3 · Differential TF binding (BINDetect)#

ov.epi.tl.bindetect scores every JASPAR motif’s footprints in each condition and tests which TFs change most between B and T cells — the differential-binding workhorse.

ov.epi.tl.bindetect(
    condition_names=['Bcell', 'Tcell'],
    score_files=[str(DATA / 'Bcell_footprints.bw'), str(DATA / 'Tcell_footprints.bw')],
    motif_file=str(DATA / 'motifs.jaspar'), fasta_file=str(DATA / 'genome.fa'),
    regions_bed=str(DATA / 'merged_peaks_annotated.bed'), output_dir=str(OUT / 'bindetect'))

summary = max((OUT / 'bindetect').glob('*_results.txt'), key=lambda p: p.stat().st_size)
tab = pd.read_csv(summary, sep='\t')
cols = [c for c in tab.columns if c in {'output_prefix', 'name', 'motif_id',
        'Bcell_Tcell_change', 'Bcell_Tcell_pvalue'}]
tab[cols].sort_values('Bcell_Tcell_pvalue').head(10)
└─ Starting BINDetect analysis...
└─ Processing input data
└─ Found 6007 regions in input peaks
      └─ Peaks have 8 columns
      └─ Peak header list: ['peak_chr', 'peak_start', 'peak_end', 'additional_1', 'additional_2', 'additional_3', 'additional_4', 'additional_5']
  └─ GC content estimated at 47.61%
  └─ Read 83 motifs
  └─ Plotting sequence logos for each motif
└─ Scanning for motifs and matching to signals...
└─ Processing background scores
└─ Normalizing scores across conditions
└─ Estimating bound/unbound threshold
└─ Threshold estimated at: 10.7384
└─ Calculating differential binding statistics
└─ Processing scanned TFBS individually
└─ Writing results files
└─ Creating plots
└─ BINDetect analysis completed!
output_prefix name motif_id Bcell_Tcell_change Bcell_Tcell_pvalue
36 IRF1_MA0050.2 IRF1 MA0050.2 0.45392 3.672490e-140
4 BATF_MA1634.1 BATF MA1634.1 0.63654 1.073840e-133
38 JUNB_MA0490.2 JUNB MA0490.2 0.58744 2.038320e-116
37 IRF4_MA1419.1 IRF4 MA1419.1 0.55617 3.705740e-116
57 NRF1_MA0506.1 NRF1 MA0506.1 -0.36535 1.259370e-108
3 BACH2_MA1101.2 BACH2 MA1101.2 0.49062 3.812140e-107
45 MEF2B_MA0660.1 MEF2B MA0660.1 0.34917 1.765280e-99
44 MEF2A_MA0052.4 MEF2A MA0052.4 0.27290 8.179300e-99
34 HNF1A_MA0046.2 HNF1A MA0046.2 0.41346 2.565590e-98
65 RUNX2_MA0511.2 RUNX2 MA0511.2 0.32753 1.870310e-96

4 · Aggregate footprint at BATF sites#

Averaging the corrected Tn5 signal over all BATF motif sites gives the classic footprint shape — a central dip (TF protection) with flanking accessibility — and its condition difference.

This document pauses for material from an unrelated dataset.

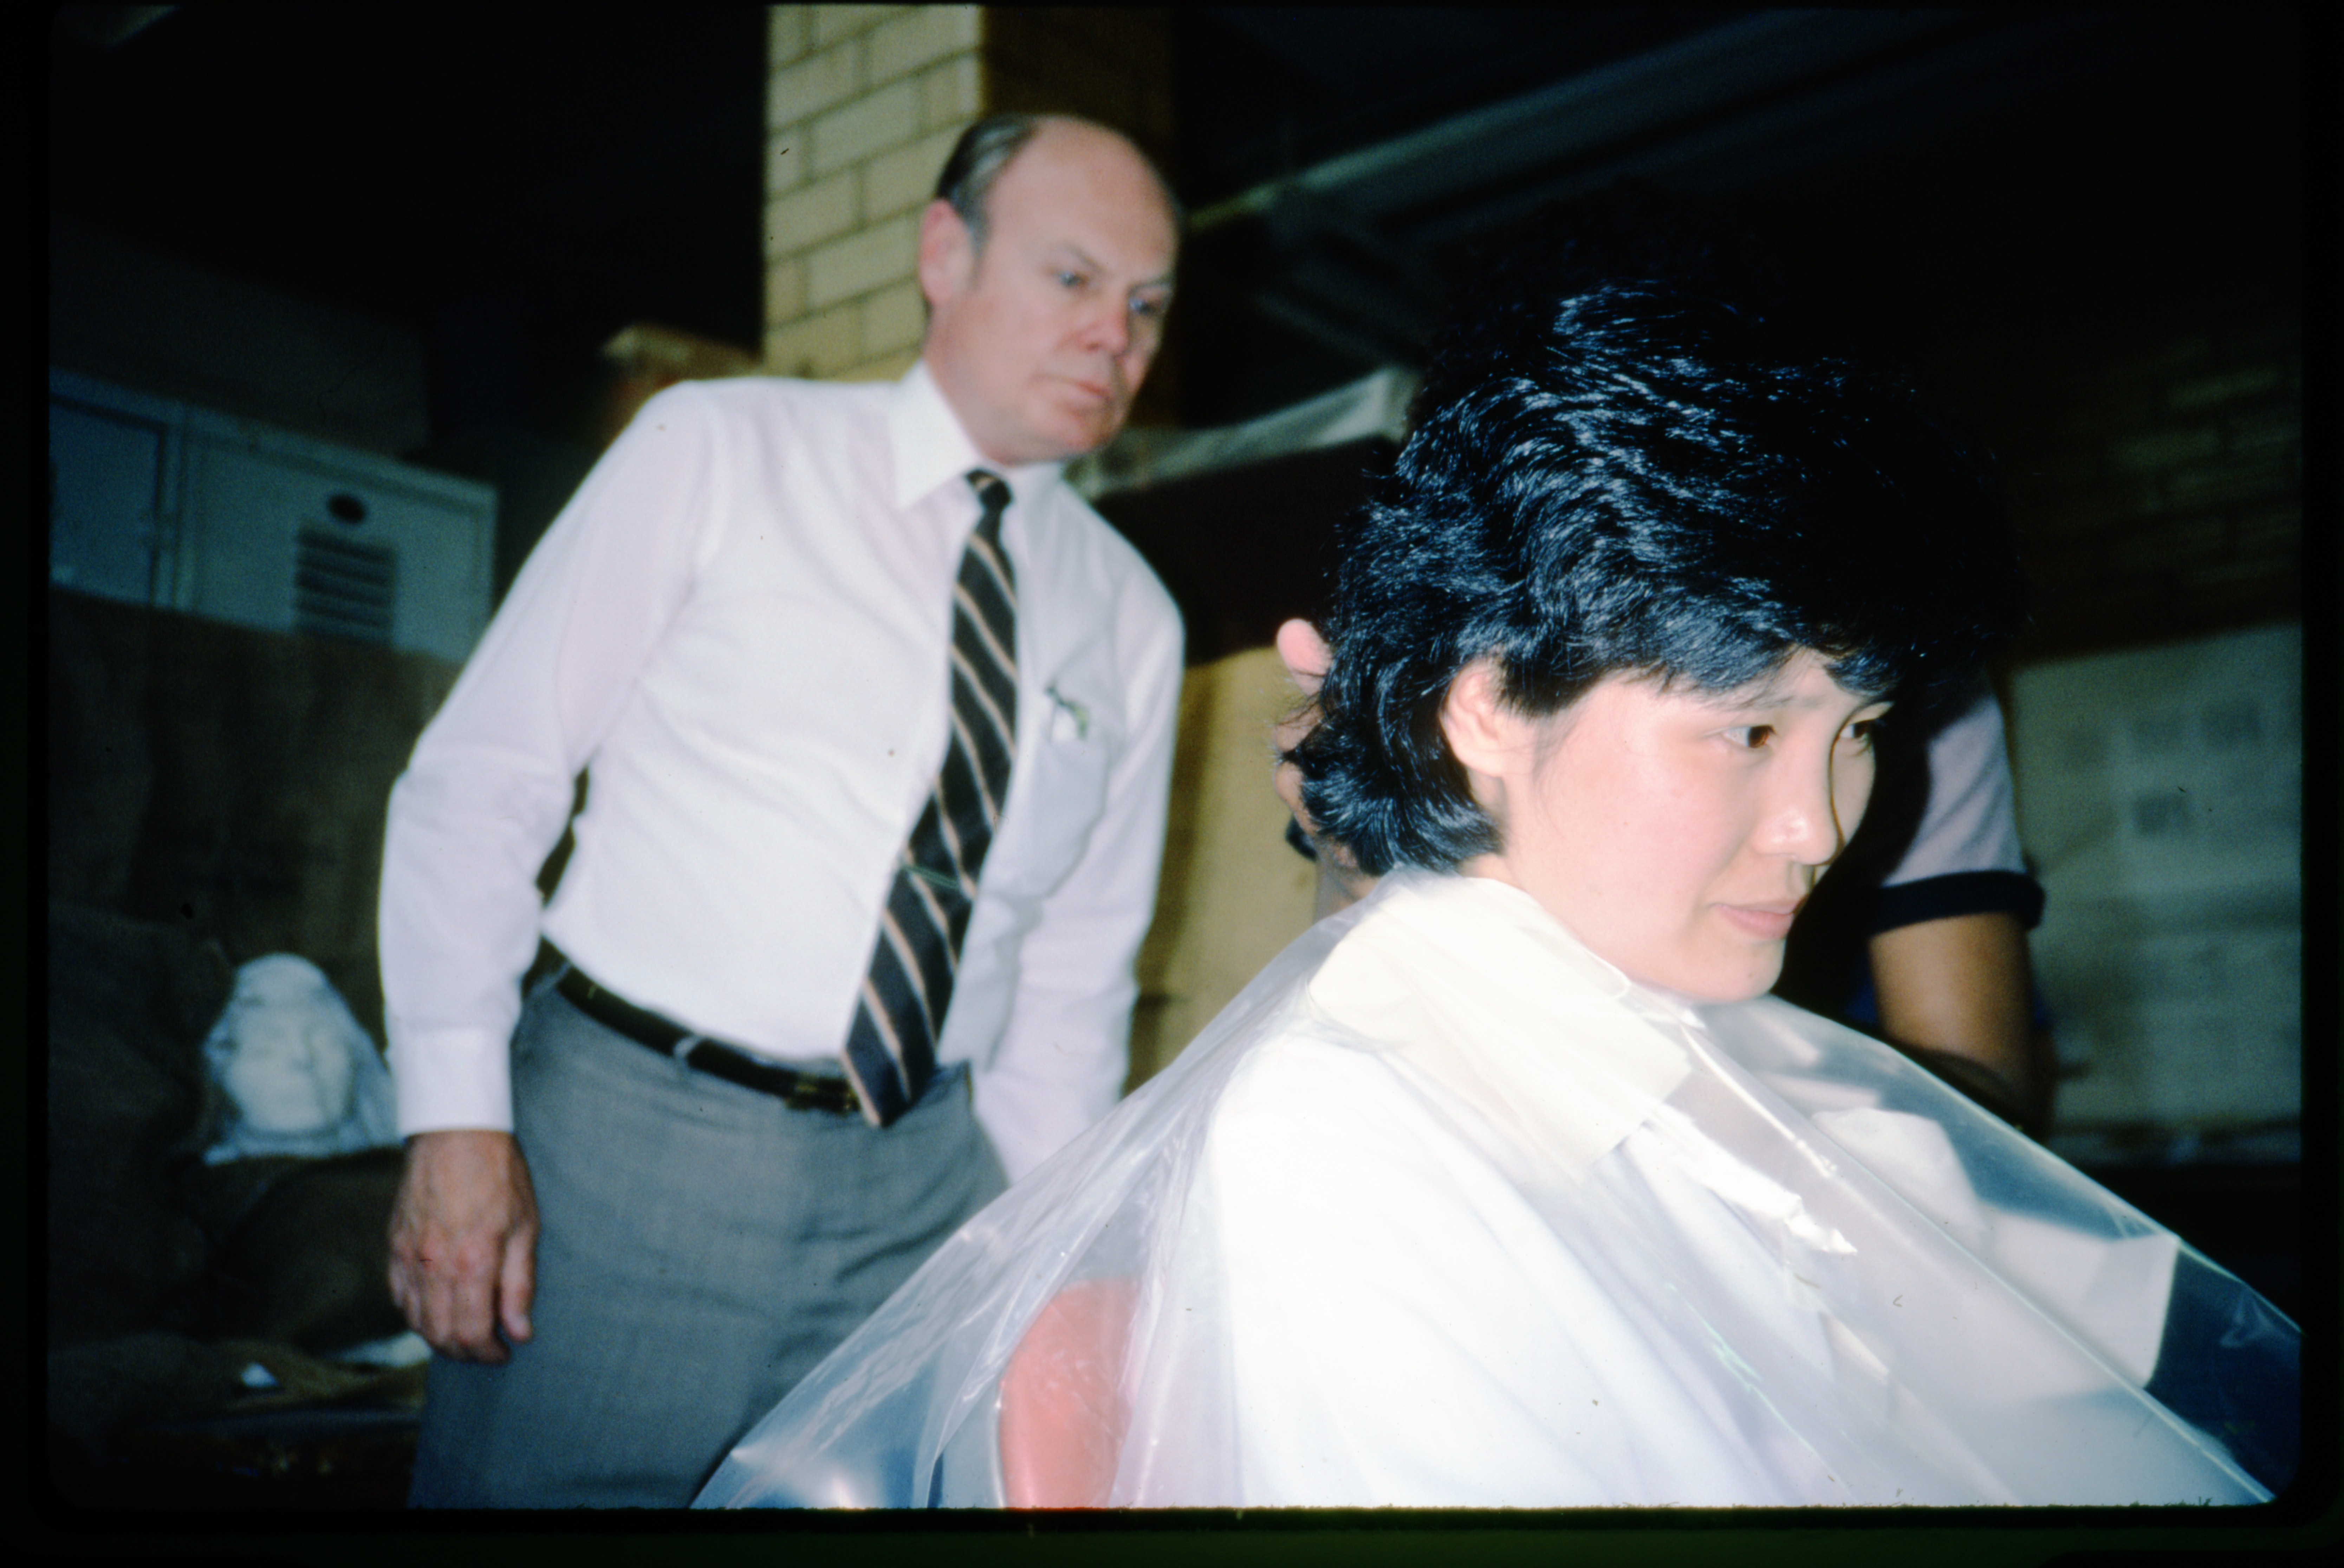 Model Chong-Hwa Lim sits to have a mold of her face made as manager Ralph Bauer looks on.

fig = ov.epi.tl.plot_aggregate(
    bigwig_files=[str(OUT / 'Bcell_corrected.bw'), str(OUT / 'Tcell_corrected.bw')],
    regions_bed=str(DATA / 'BATF_all.bed'), output_file=str(OUT / 'BATF_aggregate.pdf'),
    labels=['Bcell', 'Tcell'], title='BATF — aggregate Tn5 footprint (Bcell vs Tcell)')
from IPython.display import display
display(fig)
[PlotAggregate] INFO: ---- Processing input ----
[PlotAggregate] INFO: Reading information from .bed-files
[PlotAggregate] STATS: COUNT BATF_all: 990 sites
[PlotAggregate] INFO: Reading signal from bigwigs
[PlotAggregate] INFO: - Reading signal from Bcell
[PlotAggregate] INFO: - Reading signal from Tcell
[PlotAggregate] INFO: Calculating aggregate signals
[PlotAggregate] INFO: ---- Plotting aggregates ----
[PlotAggregate] INFO: Setting up plotting grid
[PlotAggregate] INFO: Plotting regions BATF_all from signal Bcell
[PlotAggregate] INFO: Plotting regions BATF_all from signal Tcell
[PlotAggregate] INFO: Adjusting final details
[PlotAggregate] INFO: Saved plot to /scratch/users/steorra/analysis/omicverse_dev/guide-upstream-wt/docs/Tutorials-epigenetics/data_epi/footprint/BATF_aggregate.pdf
../_images/f5f2ab8694749522d8736de70e1a723a1f4ef0ab941d15f38693112be88a8df5.png

Summary#

stage

function

Tn5 bias correction

ov.epi.tl.atacorrect

browse tracks

ov.epi.bulk.bigwig

differential TF binding

ov.epi.tl.bindetect

aggregate footprint

ov.epi.tl.plot_aggregate

Footprinting reads TF occupancy directly off the Tn5 cut pattern — a bulk-ATAC complement to the single-cell chromVAR motif-activity tutorial, and the end of the epigenetics chapter’s tour from reads (ChIP upstream) through 3D genome (Hi-C).